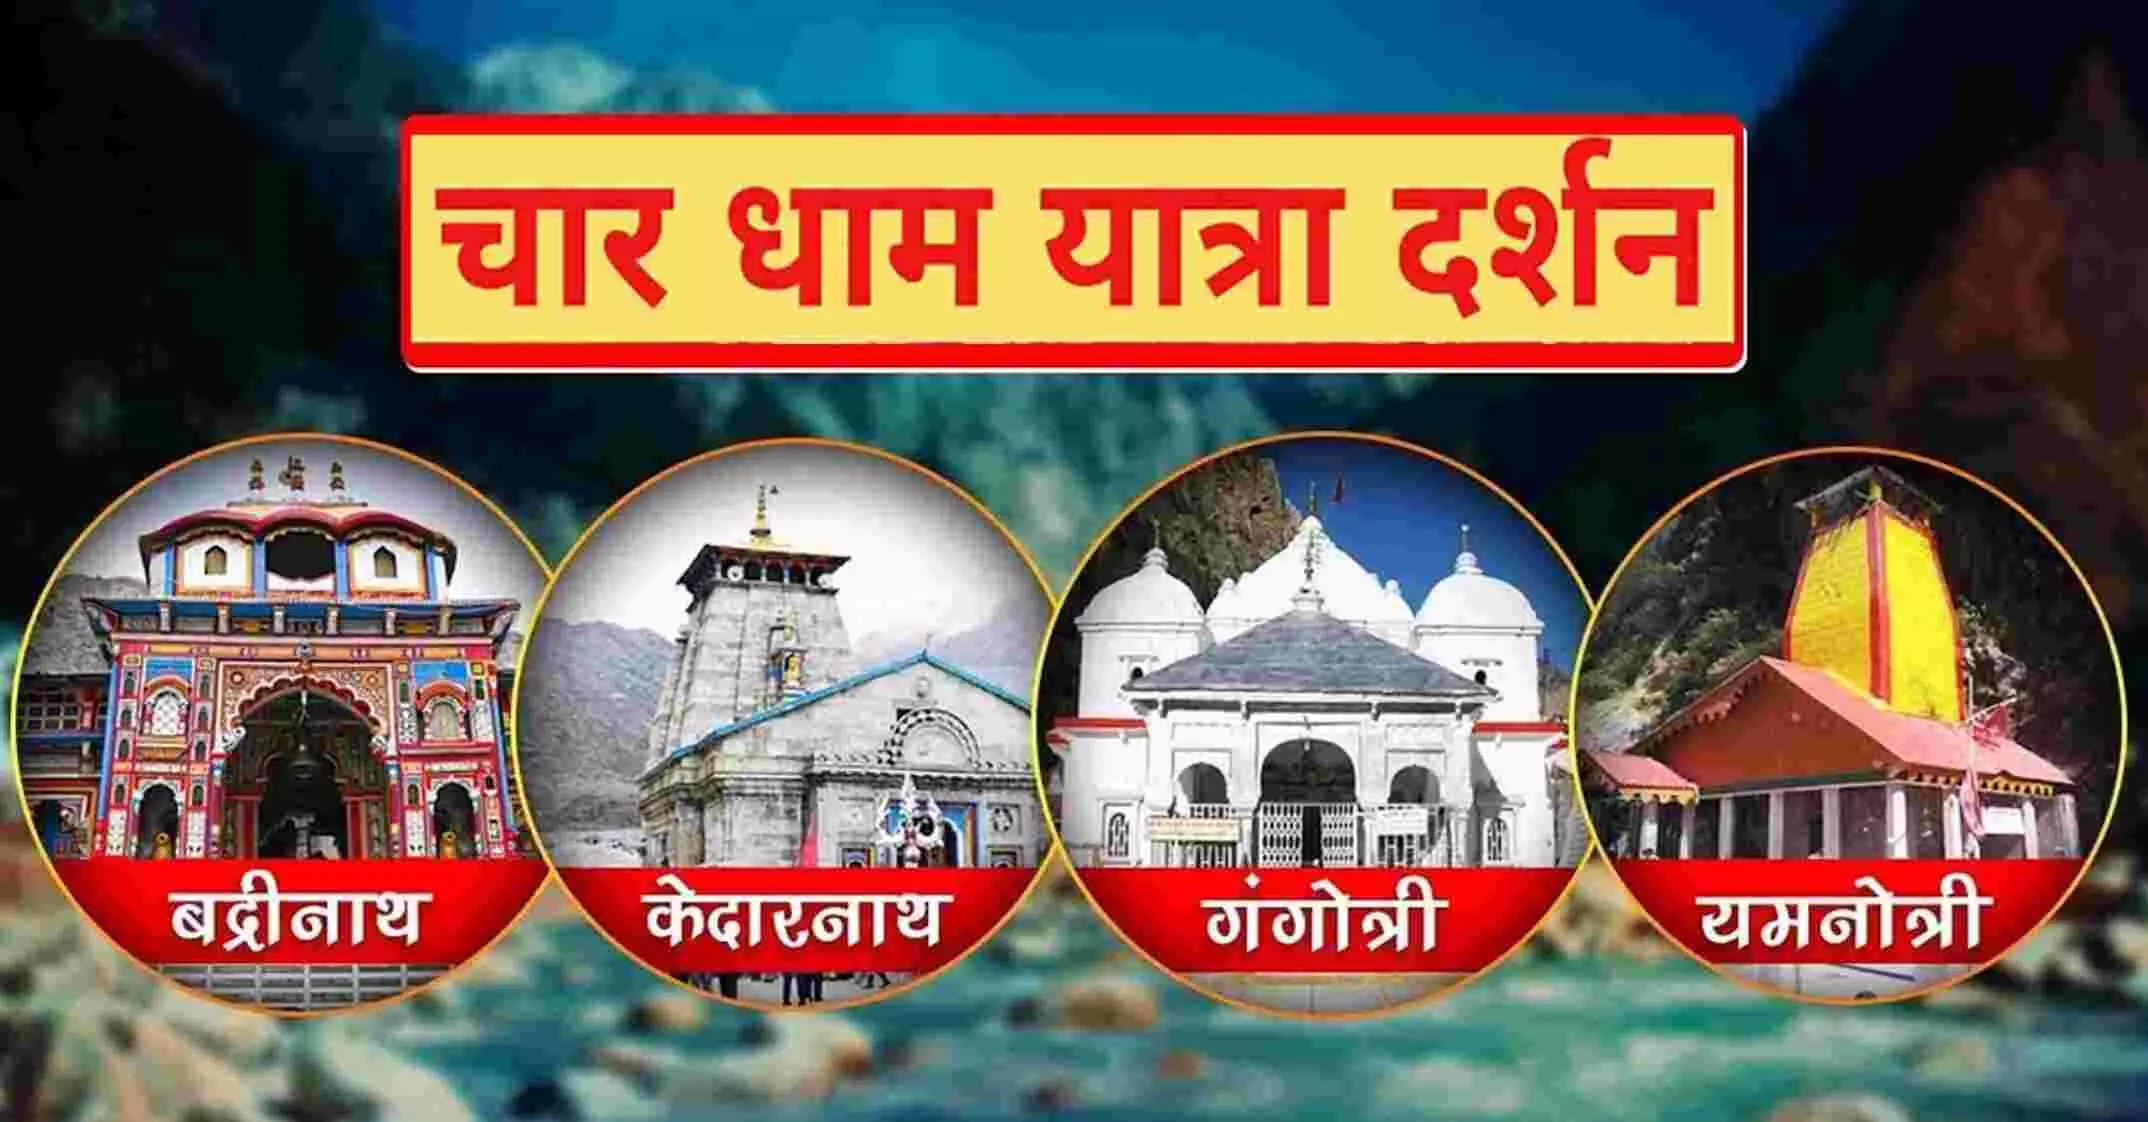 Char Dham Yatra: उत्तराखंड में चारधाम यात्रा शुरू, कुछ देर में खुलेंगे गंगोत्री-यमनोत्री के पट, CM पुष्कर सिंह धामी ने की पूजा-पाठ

...

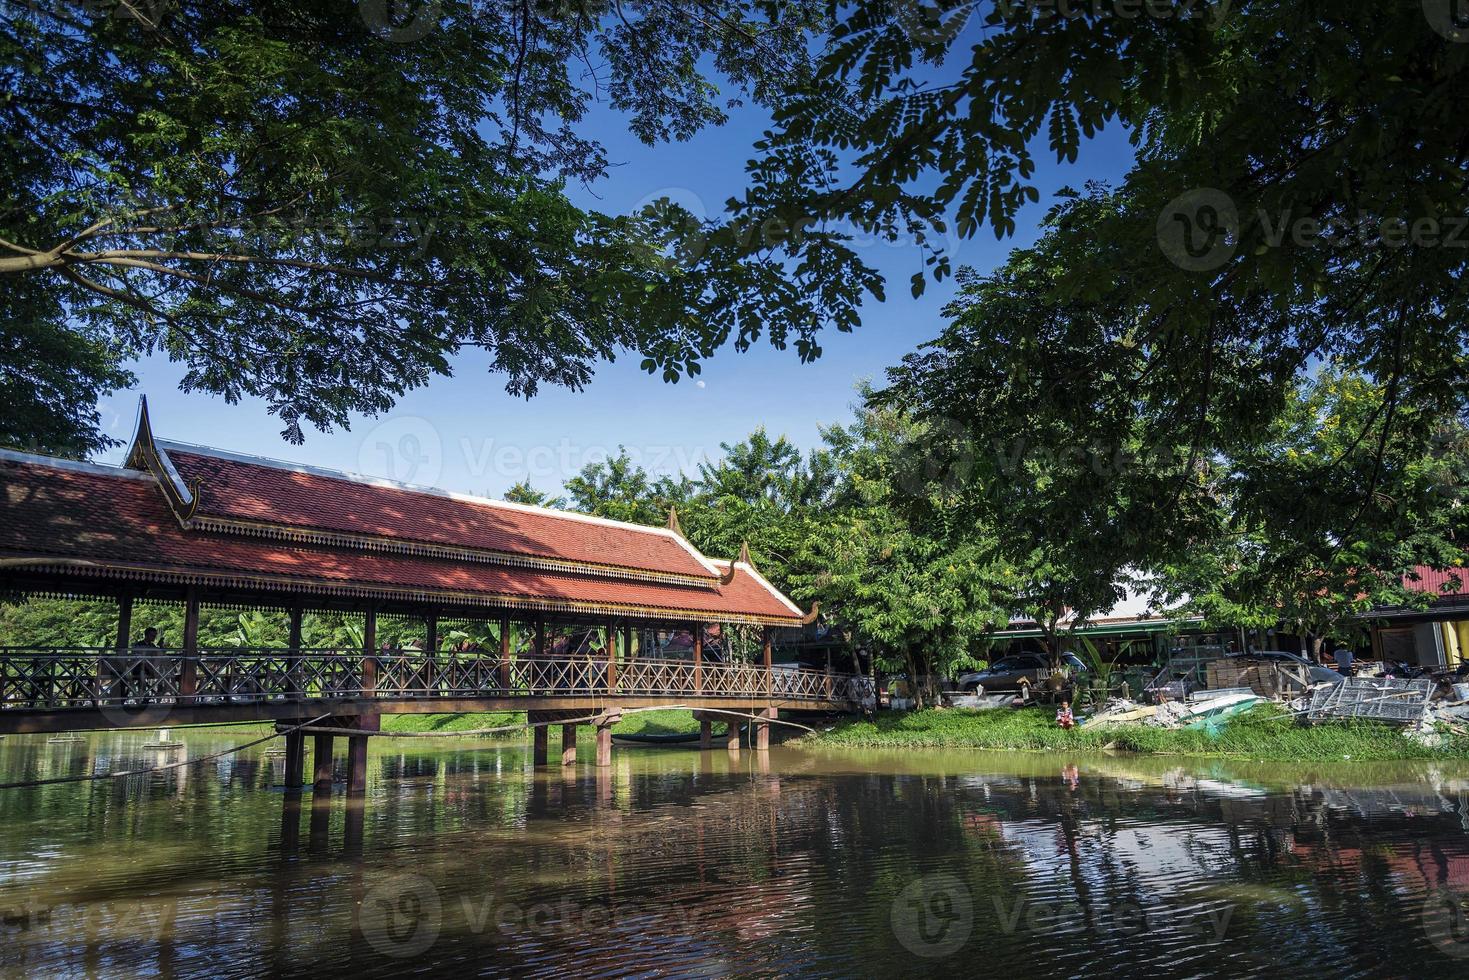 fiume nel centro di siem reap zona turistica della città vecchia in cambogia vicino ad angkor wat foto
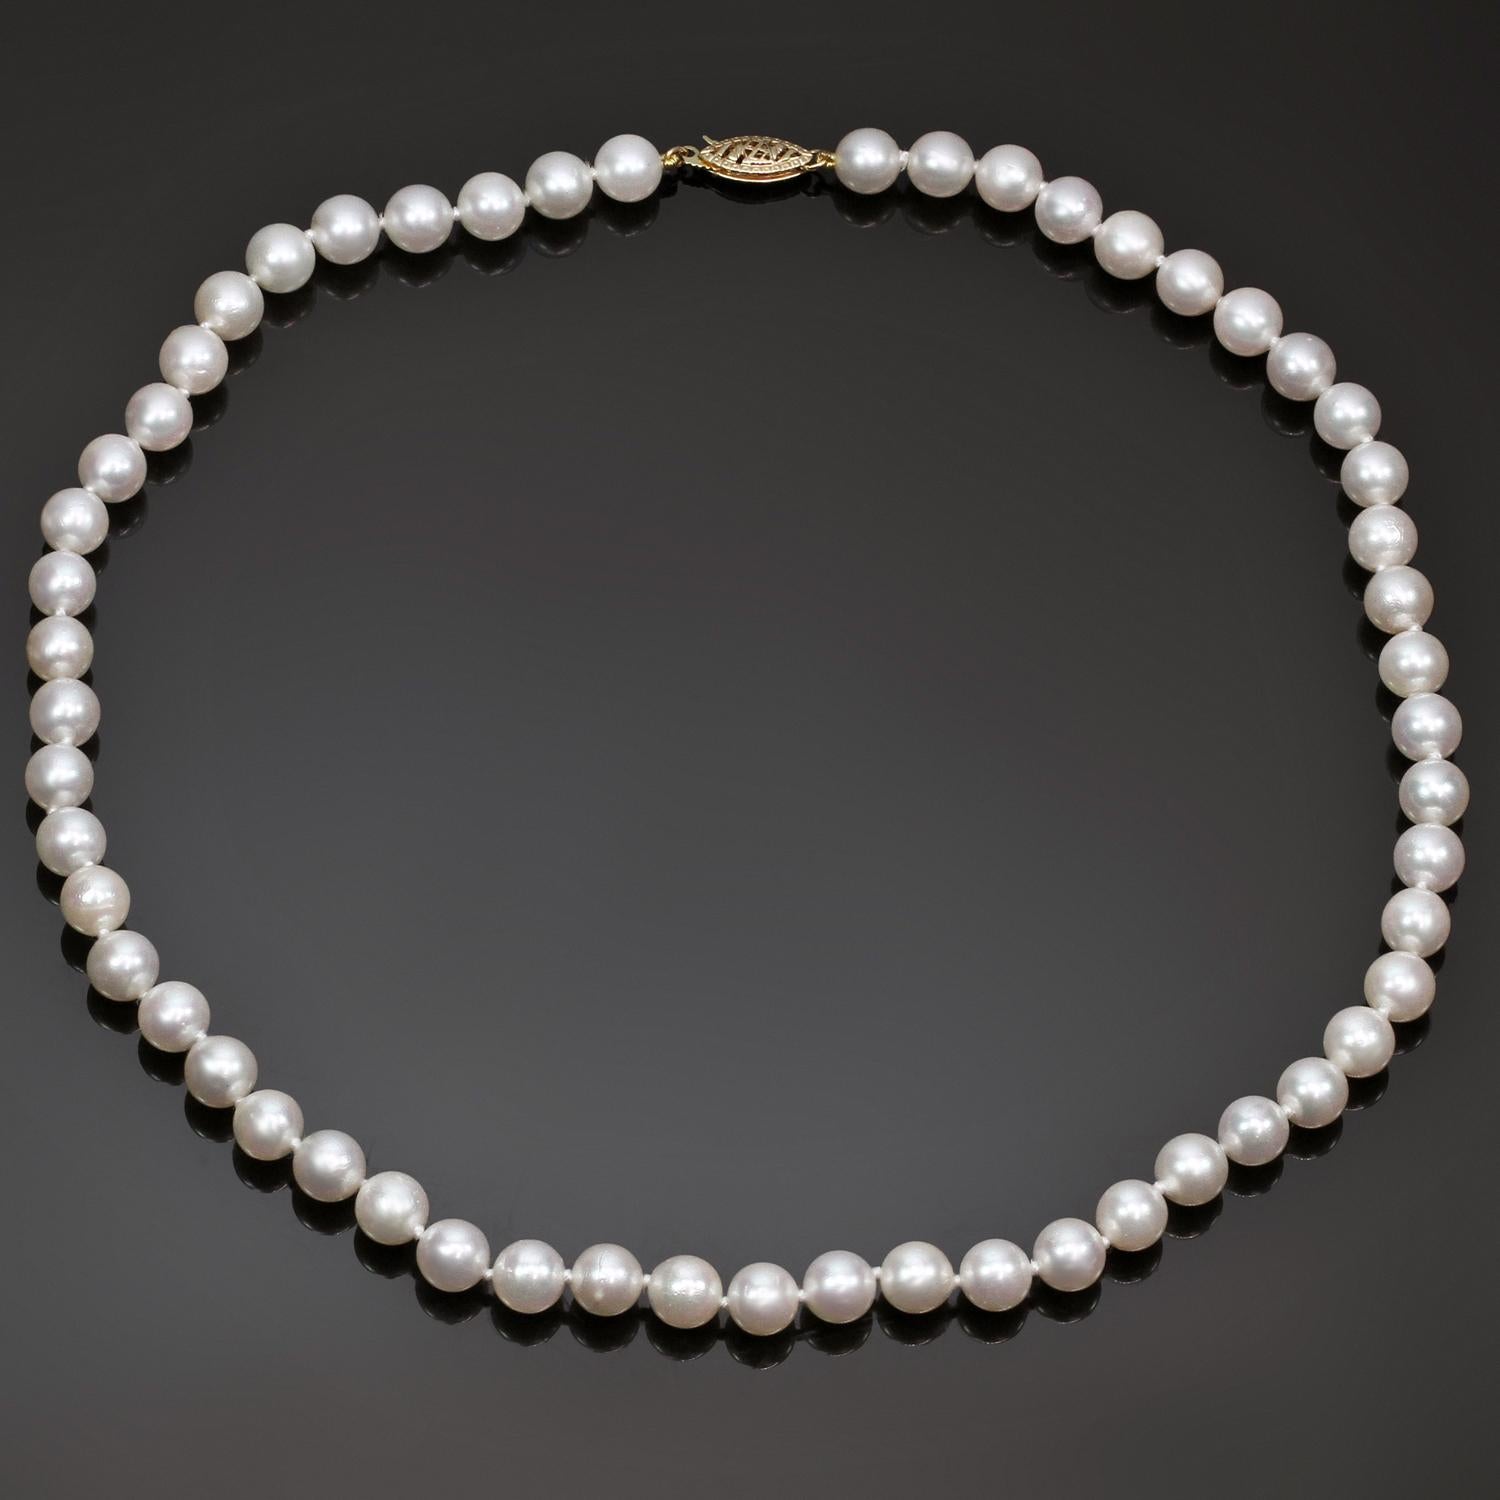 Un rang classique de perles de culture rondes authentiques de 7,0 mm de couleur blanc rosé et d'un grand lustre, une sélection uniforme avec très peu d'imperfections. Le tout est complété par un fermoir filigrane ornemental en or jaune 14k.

==

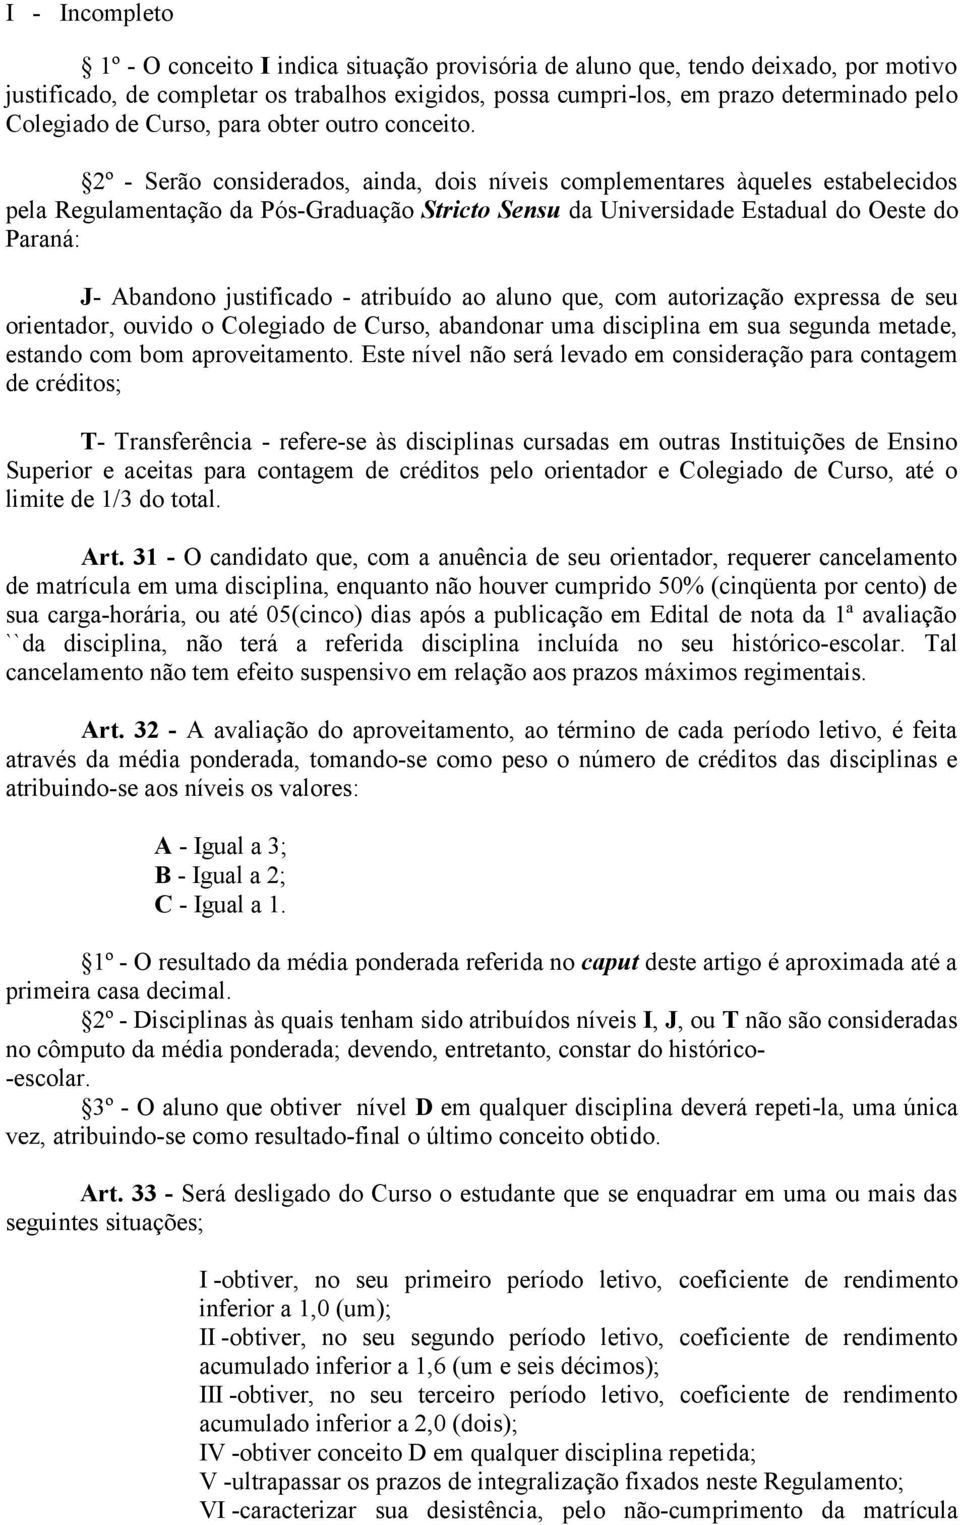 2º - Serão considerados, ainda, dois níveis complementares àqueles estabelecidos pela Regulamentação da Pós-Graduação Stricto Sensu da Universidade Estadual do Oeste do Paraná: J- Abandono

# TASK STATEMENT
An exact copy is needed of the entries above, starting at the line that holds "fiume nel centro" and stopping at the line that holds "Un rang classique", both kept; pictures stay out.

# ANSWER TO THE PROBLEM
 fiume nel centro di siem reap zona turistica della città vecchia in cambogia vicino ad angkor wat foto
 Un rang classique de perles de culture rondes authentiques de 7,0 mm de couleur blanc rosé et d'un grand lustre, une sélection uniforme avec très peu d'imperfections. Le tout est complété par un fermoir filigrane ornemental en or jaune 14k.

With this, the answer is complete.